It only lasted a few minutes, and then she felt better, and was able to eat a little of the lasagna and join in the conversation a bit. Before long, the ravening hordes had decided they'd had enough of dinner and were ready for cake. Hannah went to put the finishing touches on it while Richie and the boys took over cleanup, insisting that the rest of them relax and stay out of the kitchen. Leslie kidnapped Duncan to show him her drawings, so Tessa got up and went out onto the back patio, standing near the outdoor heater, tucking her hands into her sweater for warmth.

It was a beautiful night. There was enough chill in the air that you could smell the leaves that had already fallen, the faint, sweet scent of decay. You could still see the stars out here away from the city, and she tilted her head back and looked at them for a while, breathing deeply. She'd asked Duncan once if he felt young when he looked at the stars. He'd laughed and said looking at *her* made him feel young, and then he'd proven it, but he had never really answered. She thought she understood now. The stars had always made her feel young and small, in a way that was comforting; tonight, that comfort was absent, and looking at them made her think of bright little souls that sparkled for a few moments, a blink of time, and were gone.

He scared her.
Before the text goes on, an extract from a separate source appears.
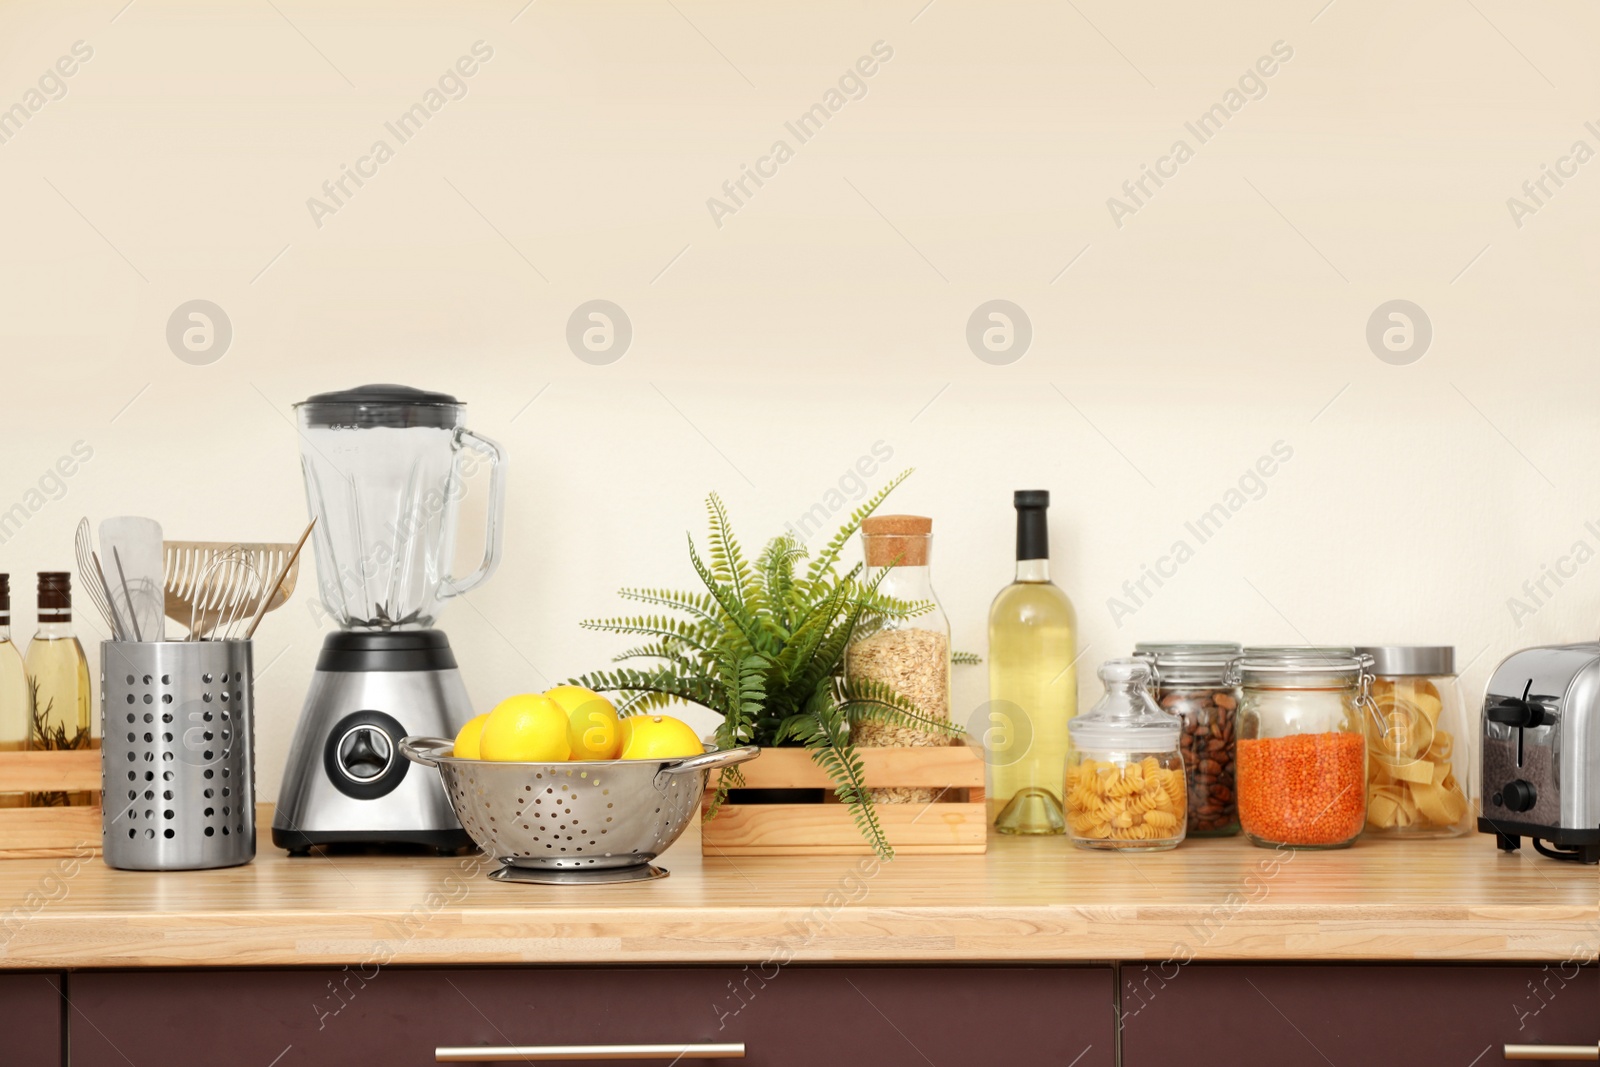 Photo of Wooden countertop with appliances and products near white wall. Kitchen interior idea

She could feel his fear, closer now than it had been when she had been young, growing closer and stronger still every year. She hadn't told him that what she thought about, when she thought about how her brush with death so many years ago might have changed her life, was whether she'd made a mistake in letting him love her so deeply, in loving him back just as deeply. She didn't know how she could have helped herself, or walked away from him. But sometimes she wondered whether the bullet that had almost killed her in the street hadn't been meant to finish the job.

Tessa hugged her arms closer to herself, wishing she were at home, with his strong, forever-young body curled protectively around her. She didn't know when she'd come to understand why some of them looked at Duncan the way they did. She'd seen it first in Darius, those long ago days in Paris, and she'd seen it in Connor, but she hadn't really understood. Maybe it was seeing the same thing in Methos, who seemed to alternate between perpetual adolescence and jaded pragmatism, who seemed the least likely candidate for hero-worship she'd ever met. Maybe it was recognizing that look in his eyes when he looked at Duncan, the same unspoken certainty that ran beneath the surface of everything he did and said, everything they'd all been through together. It didn't really matter when; somewhere, somewhen, she'd finally understood that Immortality was more than living through history, more than never growing old, or being unable to have children. That she was the one who was living through history every day she spent with Duncan, with all of them, and that all of them—perhaps Duncan most of all—held the world in the palm of their hands.

Maybe if she'd died thirty years ago at the hands of a drug addict, maybe if she'd walked away, chosen another life, a family, instead of making Duncan her life—maybe then he would have found the strength to go on, to accept it. Maybe he would have found others to love. Now? She tried to convince herself that she gave herself too much credit, that he had survived almost four centuries before he'd ever met her, but she could still feel the way he'd grown so tense beside her, the way he'd traced her scar, as he sometimes did even in his sleep.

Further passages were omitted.